Dilation and constriction of large coronary arteries in conscious dogs by endothelin

This study examined the effects of endothelin on coronary circulation and the relationship between the plasma concentration of endothelin and cardiovascular function in conscious dogs. The injection of a low dose (50 ng/kg) of endothelin increased coronary artery diameter by 2.17 +/- 0.49% and then decreased coronary artery diameter by 1.13 +/- 0.17% (P less than 0.01) from 3.51 +/- 0.14 mm. This dose increased coronary blood flow by 39 +/- 8.5% and then decreased coronary blood flow by 14 +/- 3.5% (P less than 0.01) from 25 +/- 1.6 ml/min, respectively.

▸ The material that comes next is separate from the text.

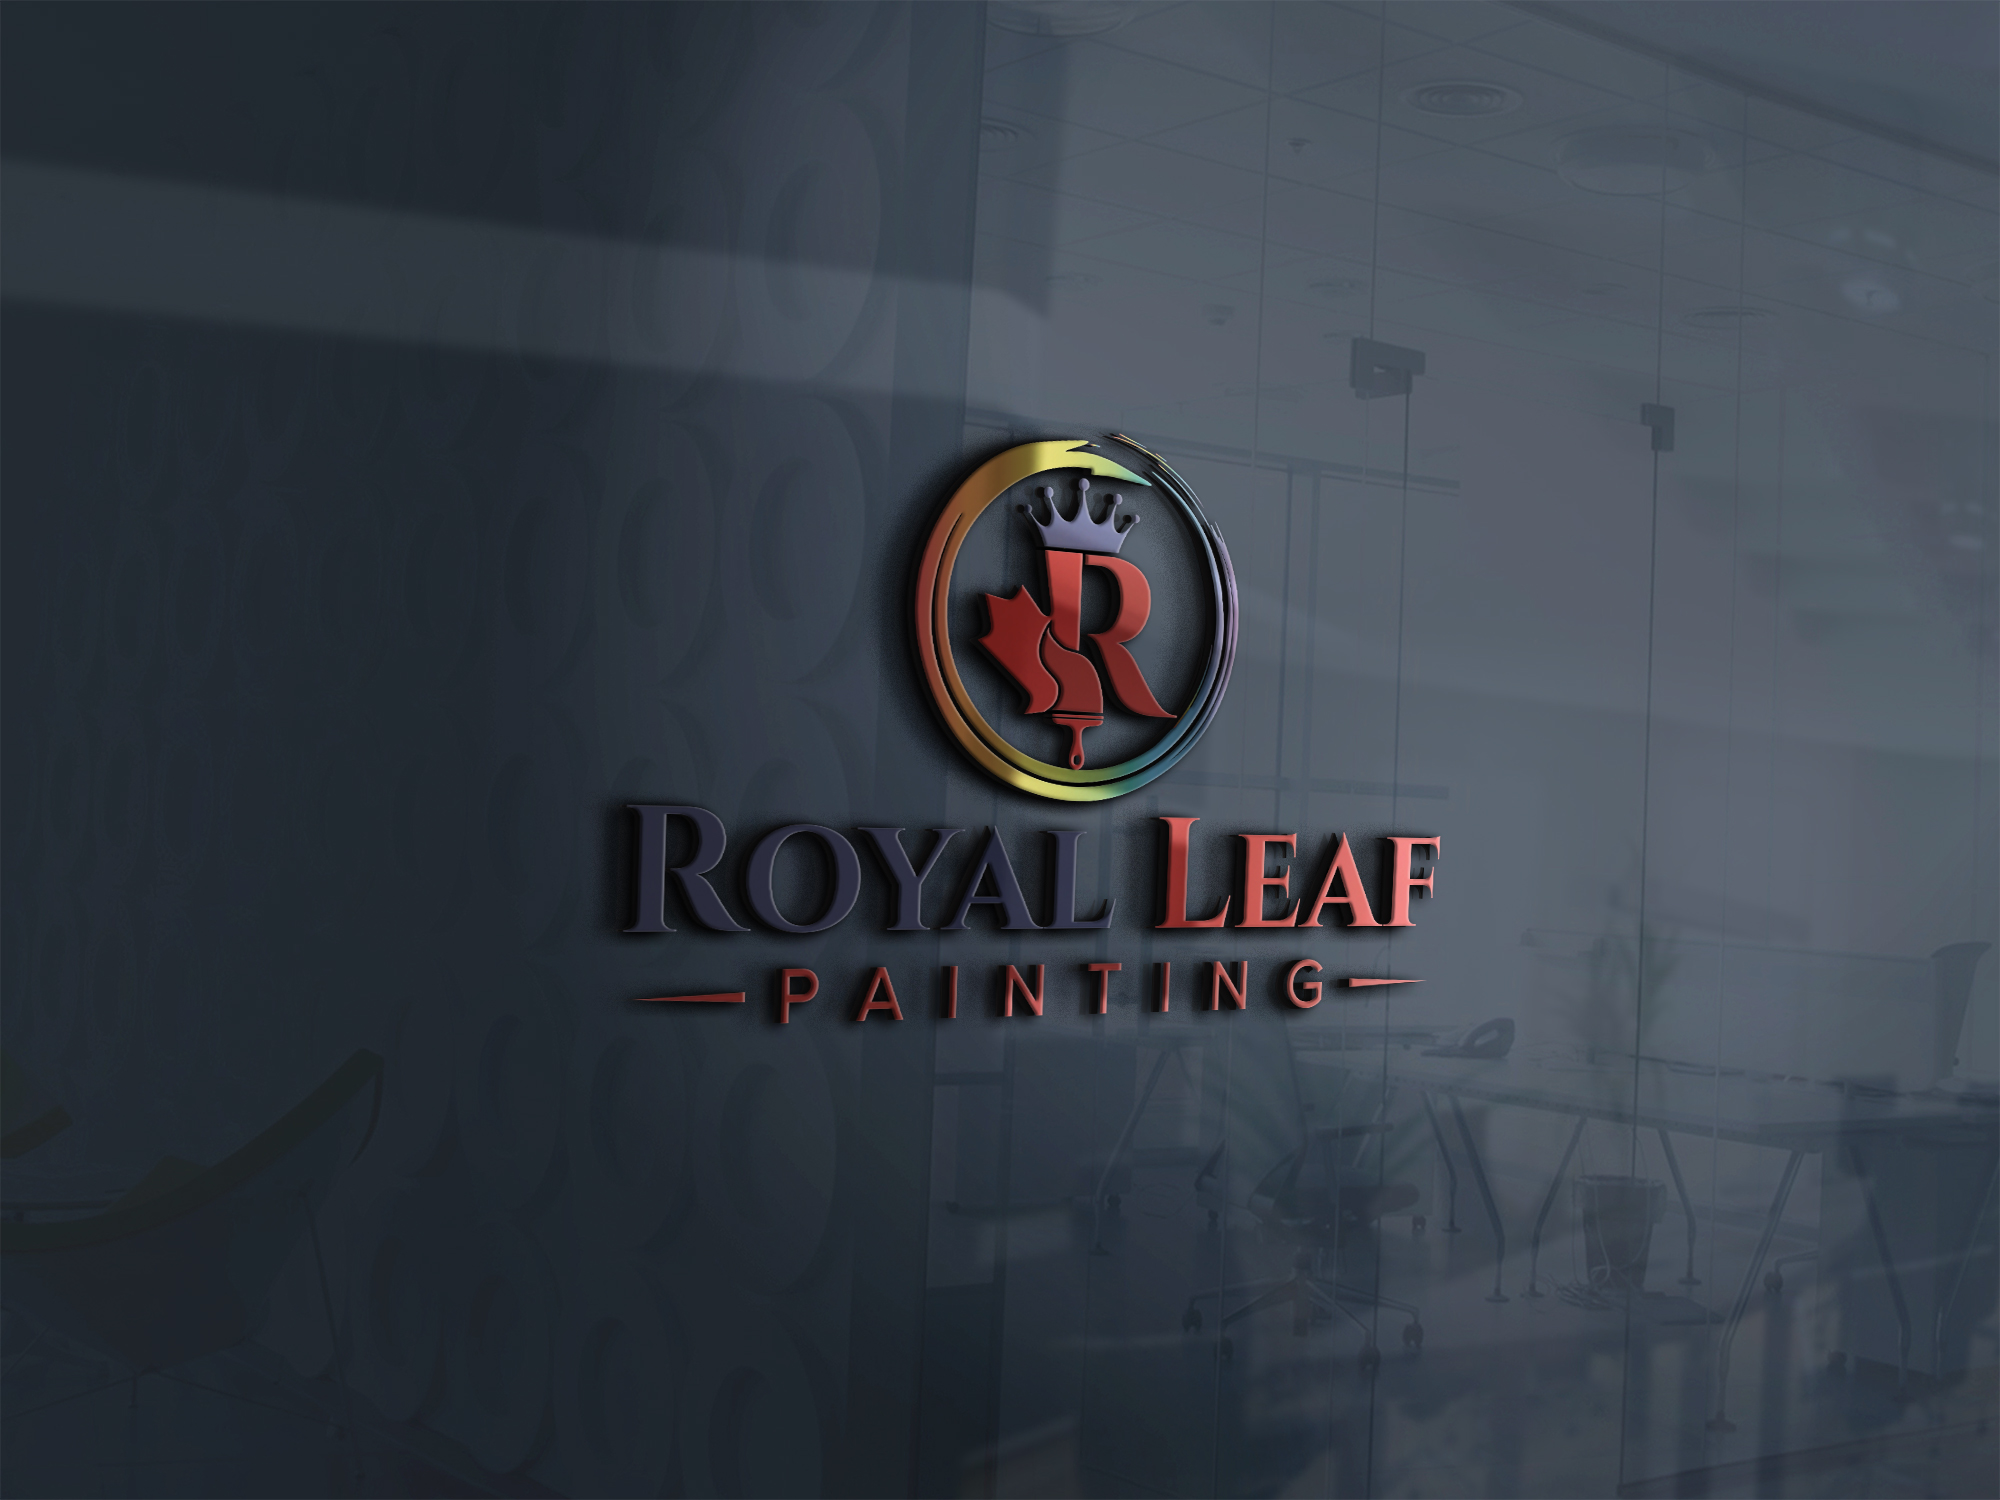 about company royal leaf painting

Four doses of endothelin (1, 10, 20, and 50 ng.kg-1.min-1) were infused for 20 min each as a cumulative dose response and blood samples were taken to assay endothelin. Significant changes in systemic and coronary dynamics were observed at infusions of 10 and 20 ng.kg-1.min-1. For instance, at 10 ng.kg-1.min-1 there was a significant (P less than 0.05) increase in mean arterial pressure (10 +/- 2.7%), left ventricular (LV) end-diastolic (32 +/- 11%), and LV systolic (8 +/- 3%) pressures and late diastolic coronary resistance (12 +/- 3.0%). This was accompanied by a reduction in large coronary artery diameter (2.0 +/- 0.5%) and coronary blood flow (22 +/- 6.0%; P less than 0.05). At this infusion rate, plasma endothelin reached 70 pg/ml when compared with a control value of 4 +/- 1 pg/ml. Thus the bolus injections of endothelin evoked a biphasic response of large and small coronary arteries, whereas during infusion we observed only vasoconstriction. The levels of circulating endothelin necessary to cause significant cardiovascular effects are much higher than expected.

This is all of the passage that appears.